The rate then varies significantly, until 1 April 2013 when it becomes $447.70 per week, with credits to be made for any payments made by the insurer within the defined periods.
[7] Supplementary T-Documents, p 229.
The Applicant’s lawyers advise her that she cannot do any better than that offer if the case went to hearing. They recommend that she accepts that part of the offer, but tell her they can increase the figure for pain and suffering (which in fact then occurred). They also advise the Applicant that they want to discuss the matter further because she has now exceeded the relevant 15% threshold and that might entitle her to bring a Work Injuries Damages claim. This seems to be quite good advice, and as a result the matter ended up being settled.

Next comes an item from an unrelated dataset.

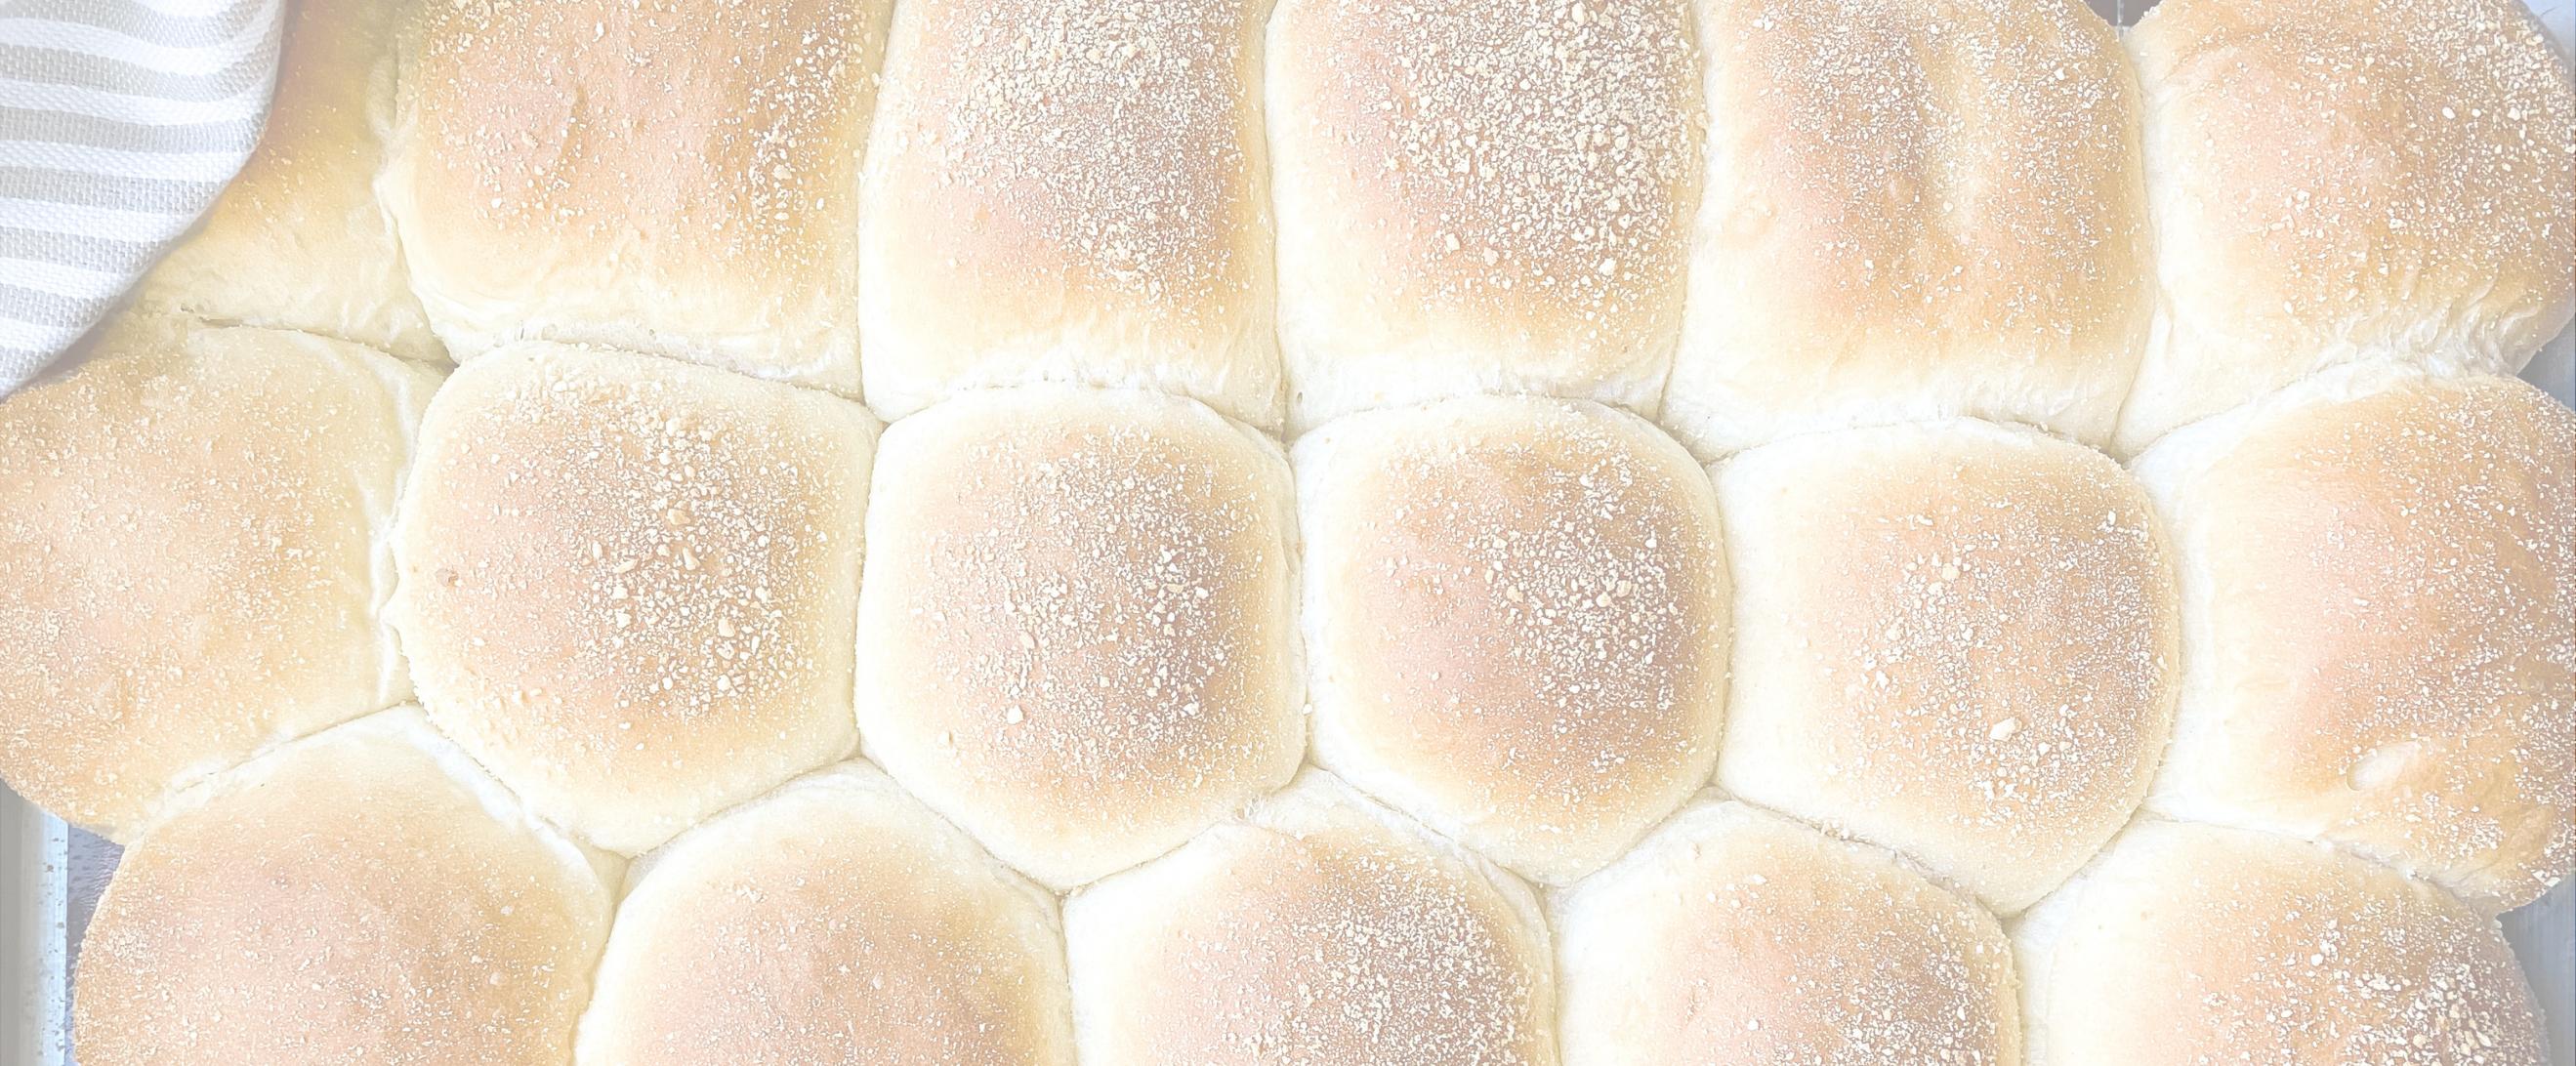 Bread Baking Online Course Butterbuns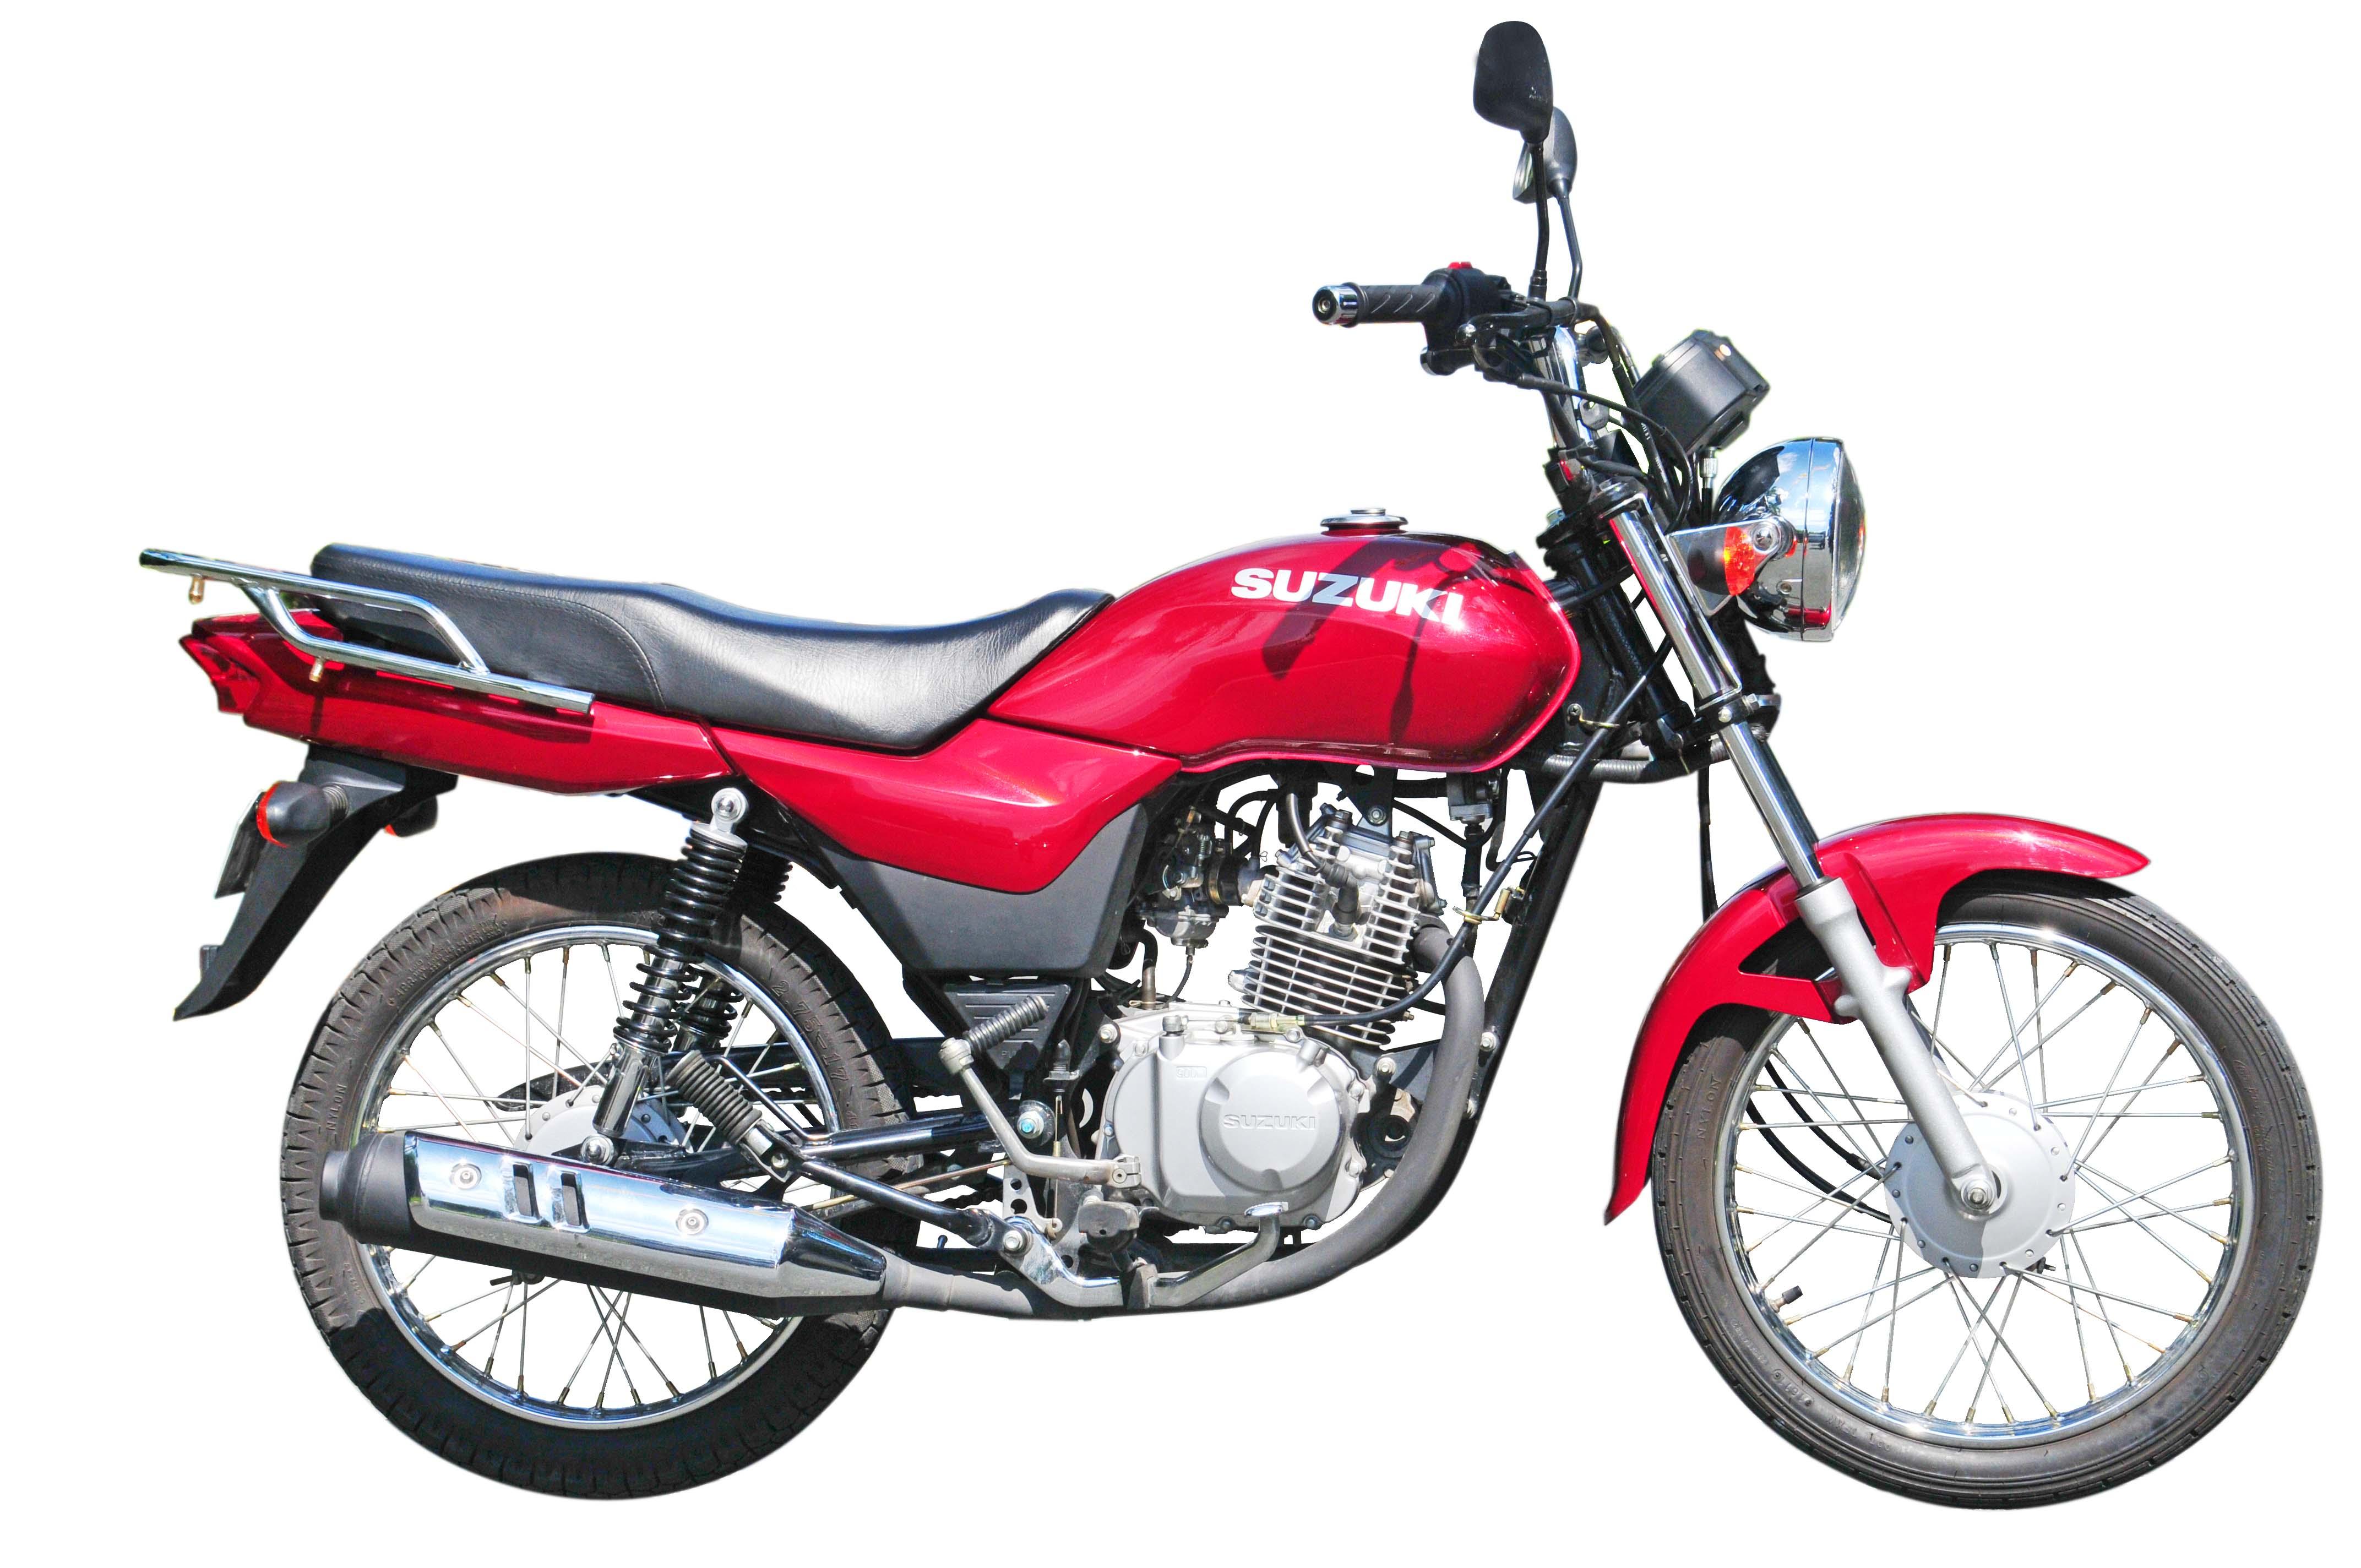 Suzuki gd 110 sports betting alexbetting livemixtapes

I should also add that I note the legal fees end up being $55,000. Having looked at a number of these cases that sum is considerably less, considering the time involved in running this case, than what some solicitors charge. So it seems, in the absence of any evidence to the contrary, that the Applicant has been well served by the firm and no issues arise in this matter in relation to her legal advice.
When the matter was finalised after June 2014, the Applicant received a net amount of $296,713.43. And then Medicare sent her $39,000 shortly thereafter, making a combined net total of $335,713.46.
The Applicant ran out of money in April 2017 and then applied to Centrelink for a Newstart allowance.
The Applicant provided evidence to the Tribunal, both oral and documentary, including evidence before the AAT1, showing how much she has spent on various items. I will address that shortly.
I should however before coming to that, reiterate that the clear intent of the insurer was for the Applicant to receive periodic payments and the above is indicative of that.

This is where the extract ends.